Why the post-DJI shift is happening now
The migration off DJI isn't a matter of taste — it's policy machinery grinding into operational reality. The Defense Innovation Unit maintains the Blue UAS Cleared List, the U.S. government's roster of NDAA-compliant, cyber-vetted commercial drones approved for federal and Department of Defense use. The Skydio X10 that anchors Southern Company's fleet is among the vetted American platforms on that list.
That list exists because of statute. Section 848 of the National Defense Authorization Act and the American Security Drone Act have progressively restricted federal use of Chinese-made unmanned systems on cybersecurity grounds, and that pressure has cascaded outward to critical-infrastructure operators like electric utilities, even where they aren't strictly federal entities. The result is a market that, almost overnight, has a strong commercial reason to standardize on a short list of federally vetted airframes — Skydio and Freefly among them — regardless of how the price-to-optics math pencils out against DJI.
Why It Matters
The story coming out of The Woodlands is a useful corrective for an industry that has spent years treating BVLOS regulation as the master variable. Two of the largest utility drone programs in the country are telling anyone who will listen that they've already solved, or routed around, the range problem — and that the thing now governing how fast they can scale is data infrastructure: ingestion pipelines, storage, processing, and review, much of it constrained further by air-gapped security postures inherited from the same federal pressure that pushed them off DJI in the first place.

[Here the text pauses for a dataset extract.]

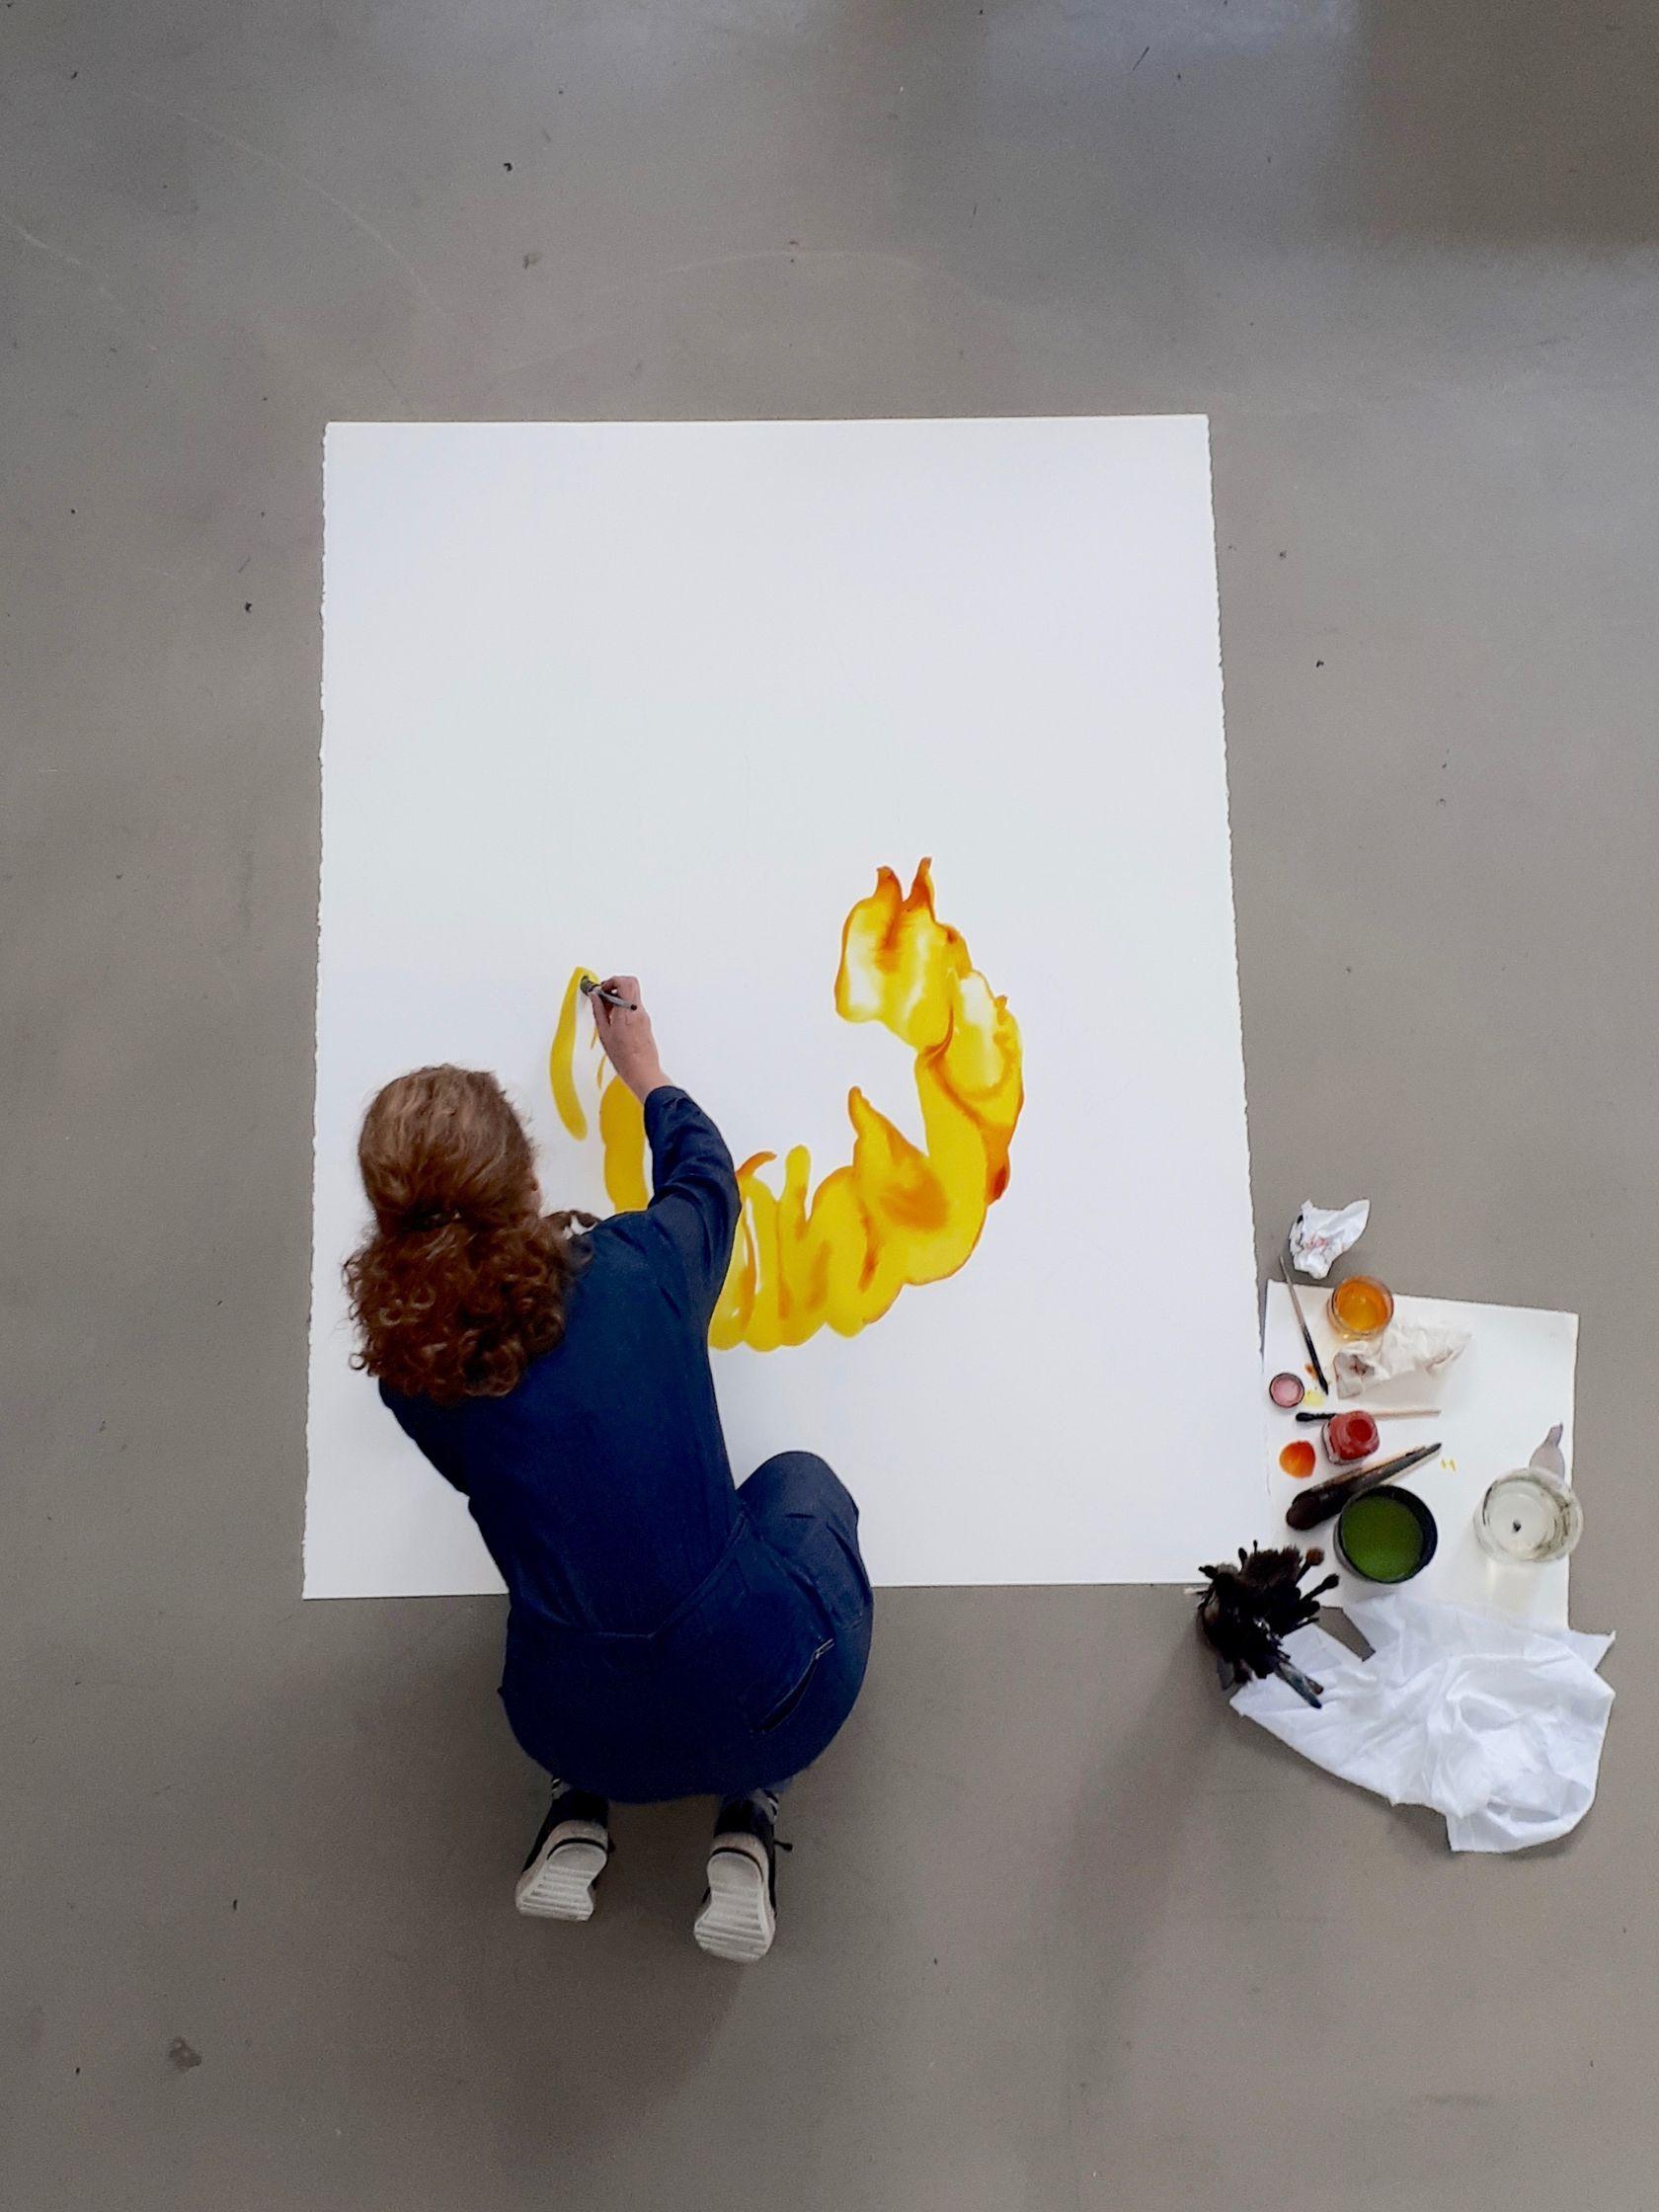 Françoise Pétrovitch Prix de dessin  Fondation d'art contemporain Daniel & Florence Guerlain, Paris (FR) 25 — 25 mars 2021

That has real implications for where value accrues in the commercial drone market. If the binding constraint on a 290-pilot combined operation is terabytes per inspection rather than nautical miles per flight, then the next wave of competitive advantage may belong less to airframe makers and BVLOS waiver shops and more to whoever can turn a terabyte of storm-damage imagery into a prioritized repair list quickly, securely, and without a data center full of analysts. The post-DJI transition has handed American drone vendors a captive enterprise market on a security mandate. The data bottleneck is the part of the problem that mandate doesn't touch — and, for storm response, it's the part that decides how fast the lights come back on.